First off, I like that it's more of a possession movie than a ghost movie - that a demon is trying to possess Carol Anne so it can break the family's spirit and ultimately destroy them. To be honest, I didn't even pick up on this thread when I was a kid. I just thought ... the ghosts are back. End of story. I don't know why Taylor's explanation, or the tequila-worm-possession didn't clue me in. Oh well.

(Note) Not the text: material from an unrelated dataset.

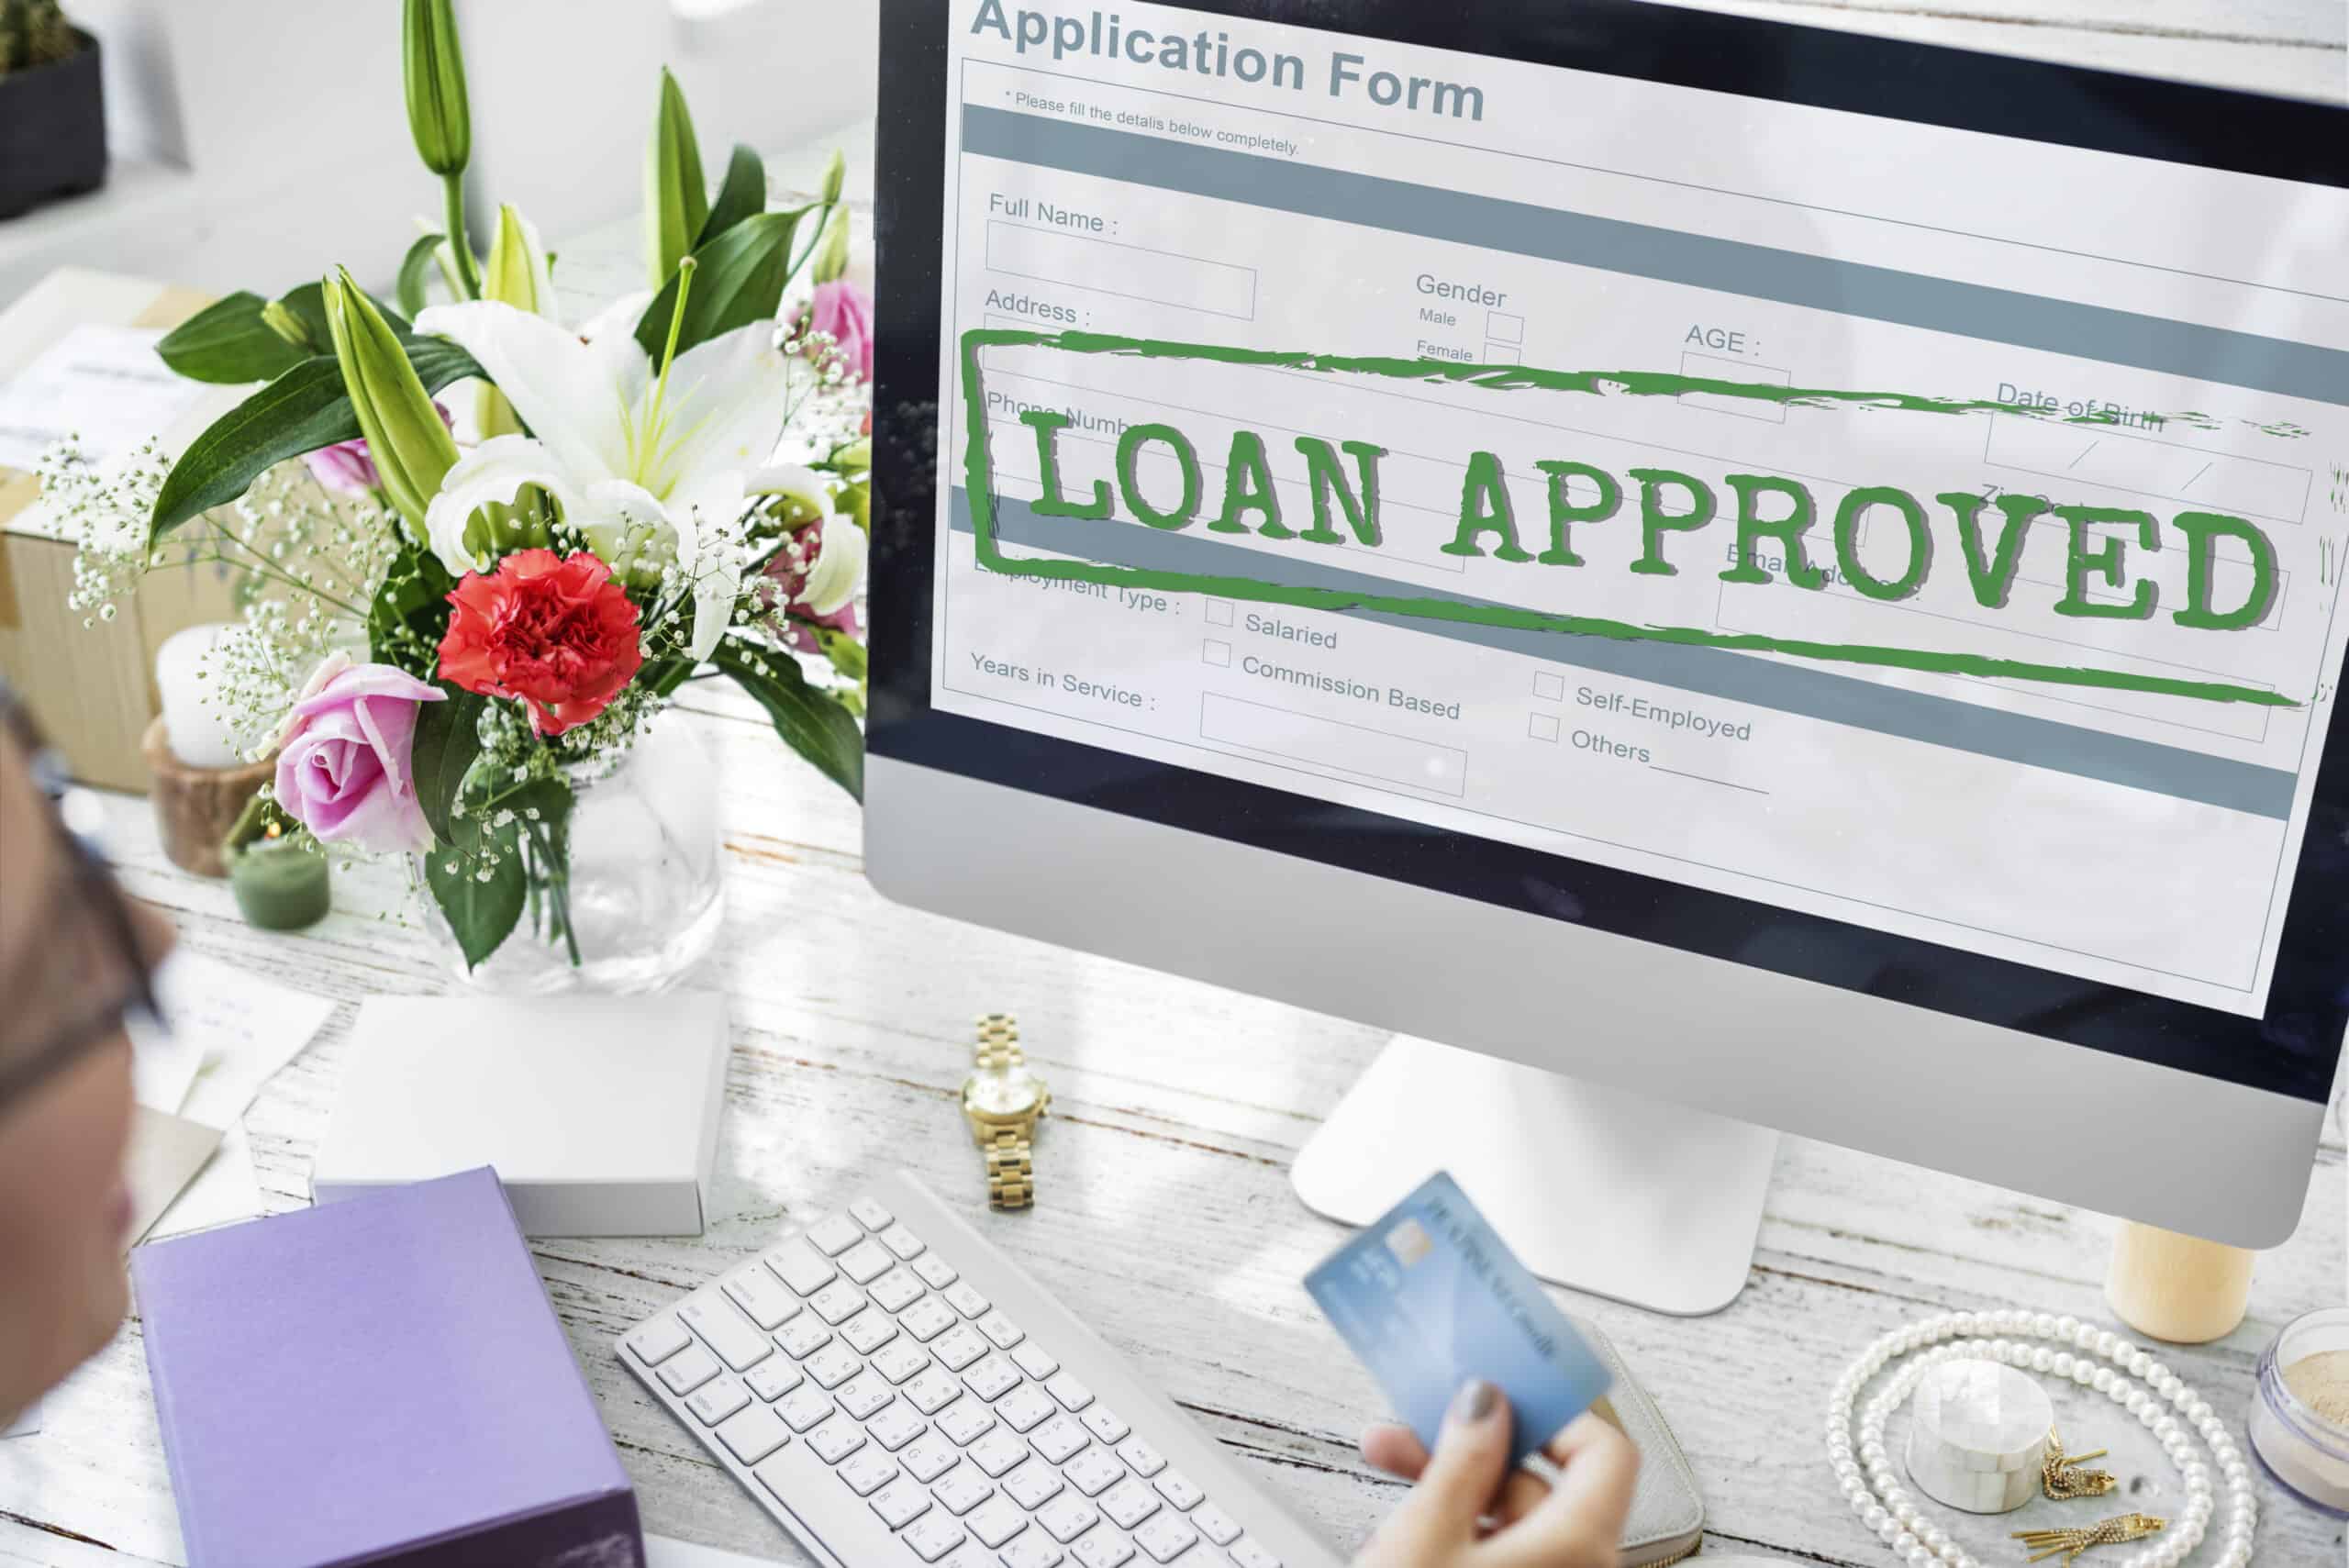 Legal Documents Needed for a Personal Loan Application in the UK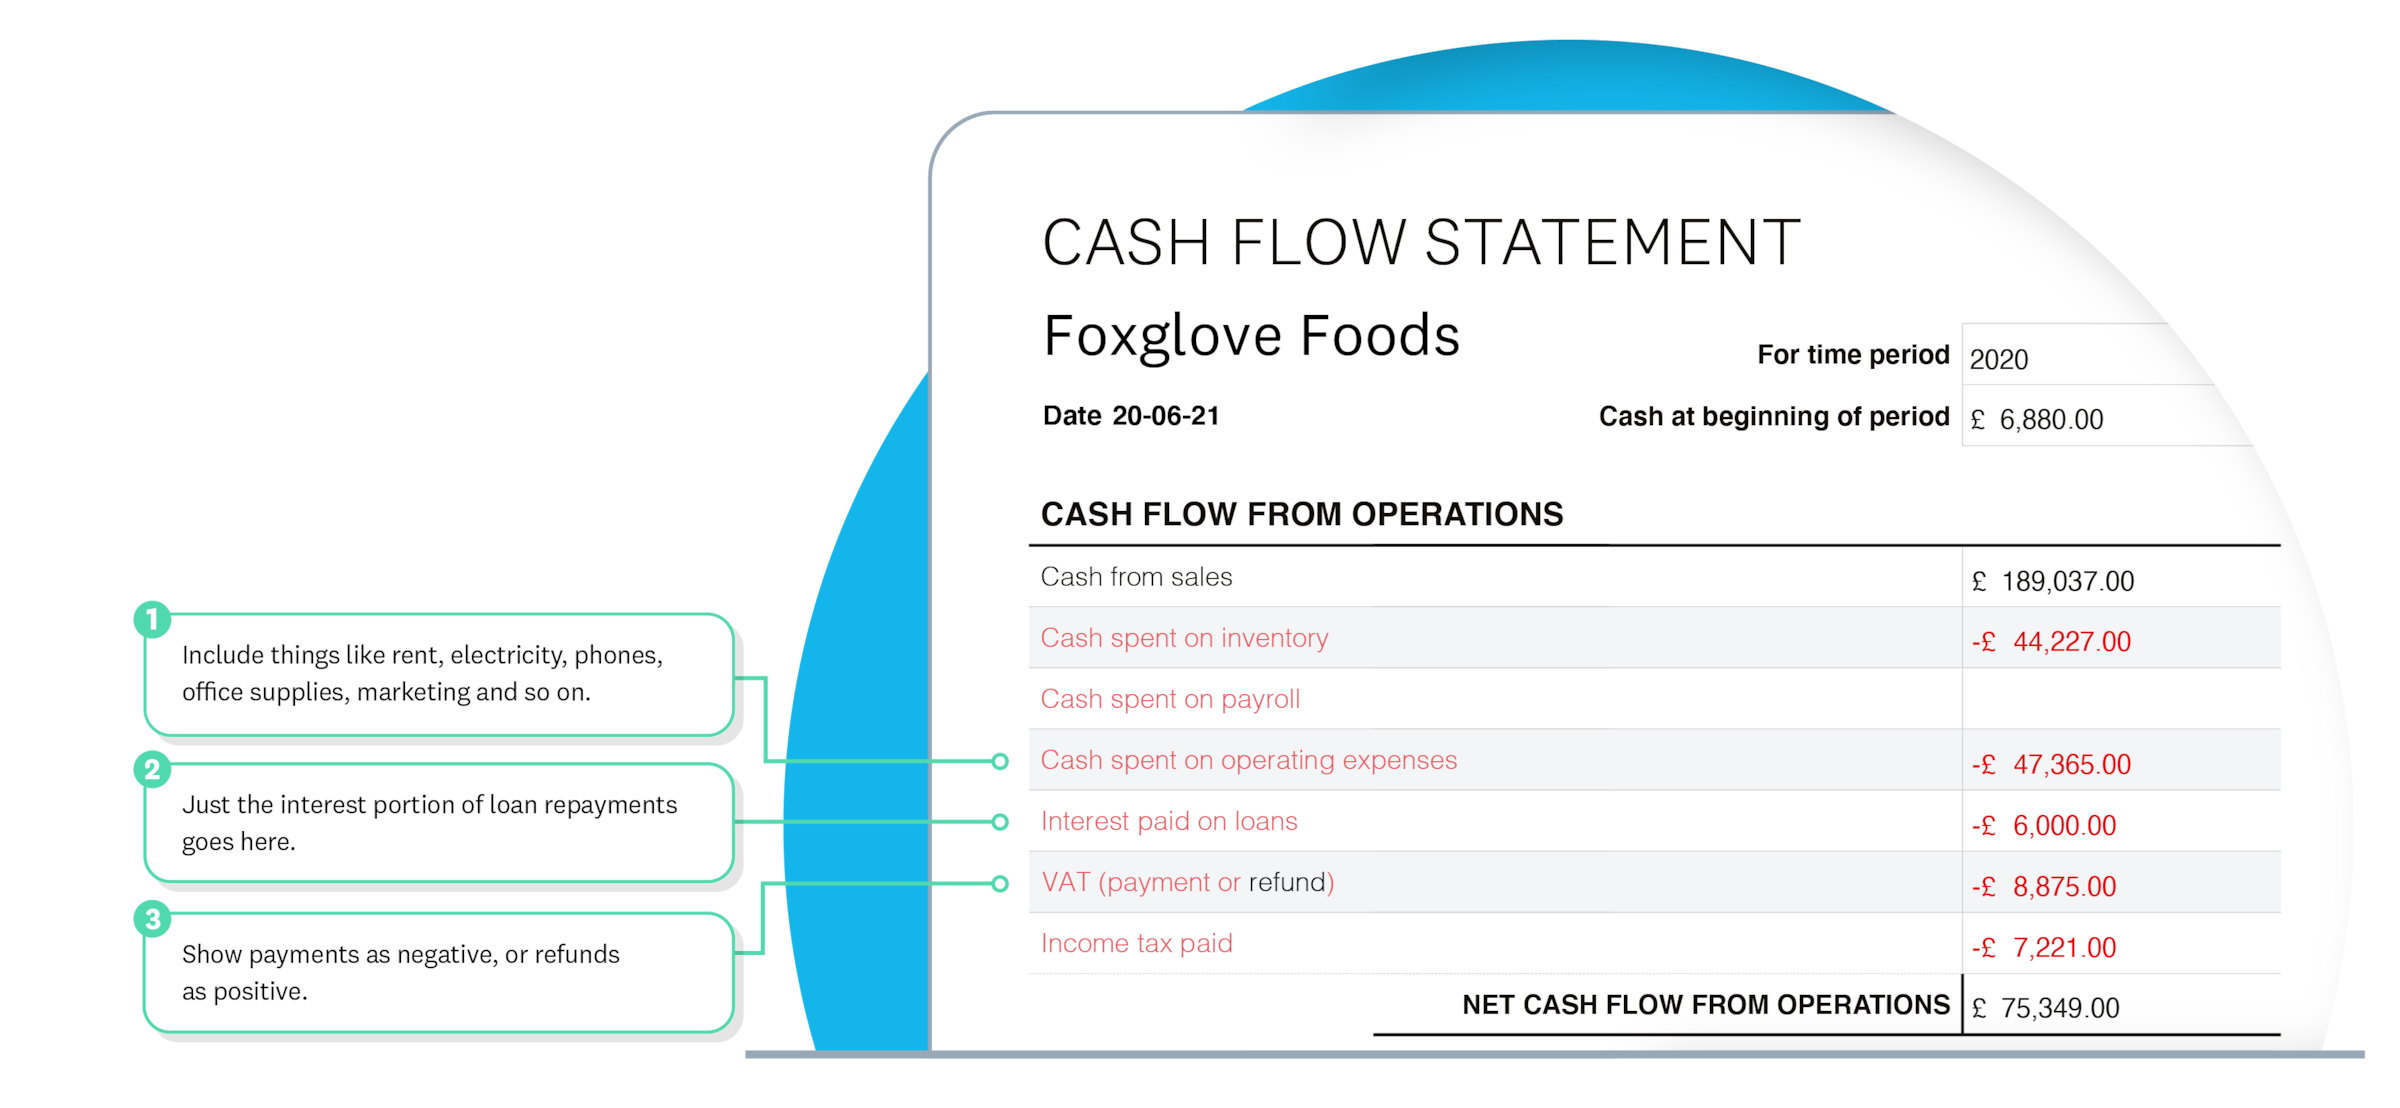 Cash flow from operations shows money in from sales, minus money out on stock, payroll, operations, loan interest and tax

I love the score by Jerry Goldsmith that continues material from the first film, while moving away from heavy orchestration towards a more synth-heavy sound with Native American elements. And his use of the 'God is in His holy temple' hymn is inspired. The monster designs by H. R. Giger (see last post) are among my faves from 80s horror films, specifically the Vomit Monster and "Great Beast" manifestation of Kane that appears in the astral plane. I know some folks fault how Giger's sketches were translated to the big screen - but I think they're pretty damn cool (thank you, Richard Edlund). And lastly, there are some excellent performances here. Julian Beck nails it as the malevolent reverend. He still gives me the heebie-jeebies. Will Sampson does a fine job as the mystical medicine man. I mean, I buy it. And I really REALLY enjoyed JoBeth Williams and Craig T. Nelson in their reprised roles as Diane and Steve Freeling. There are moments (again I go back to the tequila worm possession) when they are seriously acting their faces off.